Awesome

Shaking Up VLMs: Comparing Transformers and Structured State Space Models for Vision & Language Modeling (EMNLP 2024)

[Paper][Model Checkpoints][Data][Training]

Requirements

conda create -p ~/sharedscratch/conda_envs/athnlp2024-cu12 python=3.10

# Install dependencies
poetry install

# Install flash attention / mamba

poe install-flash-attn
poe install-mamba-ssm
poe install-causal-conv1d

Model Checkpoints 🤗

Pretrained Checkpoints

Model
Pythia-VL-1B
Mamba-VL-790M
Pythia-VL-1.4B
Mamba-VL-1.4B
Pythia-VL-2.8B
Mamba-VL-2.8B

Instruction-tuned Checkpoints

Model	COCO	NoCaps	VQAv2	GQA	V7W (test-T)	VSR	POPE	RefCOCO (testA)	RefCOCO (testB)	RefCOCO+ (testA)	RefCOCO+ (testB)	RefCOCOg	V7W (test-P)	TextCaps	TextVQA	AI2D

Pythia-VL-1B	132.89	97.61	72.26	53.79	81.96	72.43	86.77	76.00	62.48	45.36	47.44	67.58	83.78	92.73	35.22	77.62
Mamba-VL-790M	133.81	99.00	71.67	54.95	81.82	75.39	86.77	67.84	56.35	57.97	41.43	59.16	74.01	94.30	40.72	79.27
Pythia-VL-1.4B	134.06	100.72	73.57	57.05	83.06	77.72	86.40	82.43	68.39	72.35	55.16	72.56	86.13	94.60	37.54	79.27
Mamba-VL-1.4B	134.76	100.56	74.46	58.44	83.78	80.18	85.32	76.60	63.48	68.40	52.11	68.82	80.18	98.68	41.30	80.86
Pythia-VL-2.8B	134.97	101.27	75.08	59.76	84.34	80.86	86.87	85.39	70.82	75.39	58.62	76.24	86.61	99.74	39.14	81.57
Mamba-VL-2.8B	135.53	102.00	76.08	60.41	85.31	81.45	87.33	79.29	64.97	71.64	53.94	71.27	82.50	100.47	42.14	83.71

Data

Instructions for specific datasets

GRIT

GRIT is downloaded using img2dataset.
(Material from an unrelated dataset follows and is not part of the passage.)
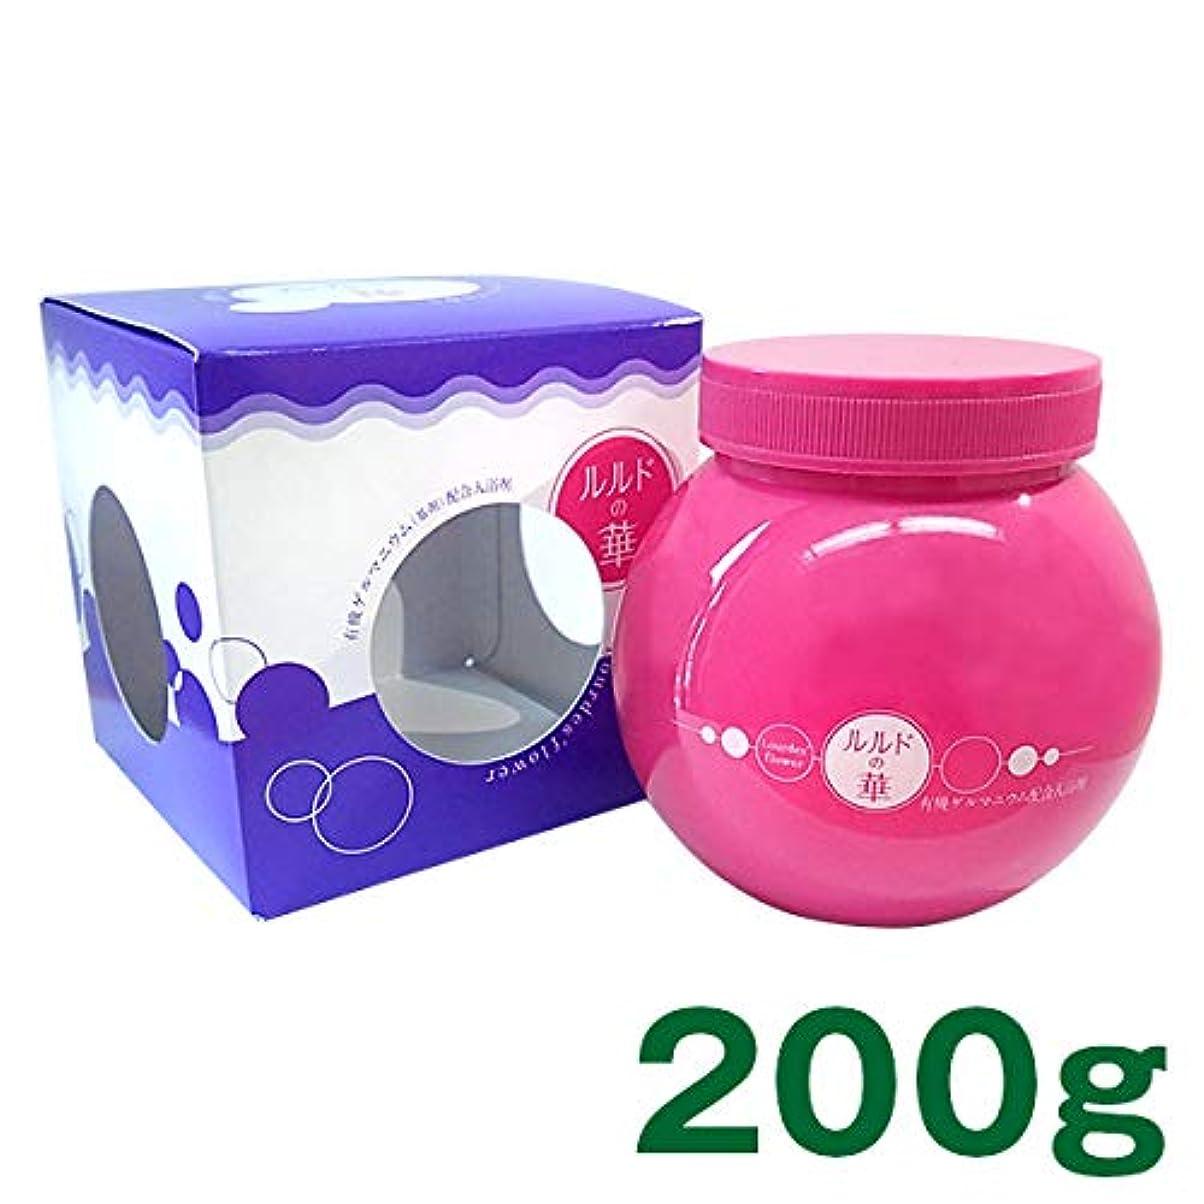 一節考える確率有機ゲルマニウム8.0%配合入浴剤【ルルドの華(ボトル)】200g

Note that some of the urls may not be available by the time of the downloading

./scripts/download_grit.sh storage/datasets/grit_url_folder storage/datasets/grit

To avoid training on the whole data, filter out grit by the noun_phrases (see appendix in the paper for full details)

python prepare_grit_dataset.py \
	--cache_dir /path/to/downloaded/grit \
	--output_folder /path/to/downsampled/grit \
	--downsample_images \
	--check_overlap

OCRVQA

We also filter out examples from OCRVQA (see appendix in the paper for details)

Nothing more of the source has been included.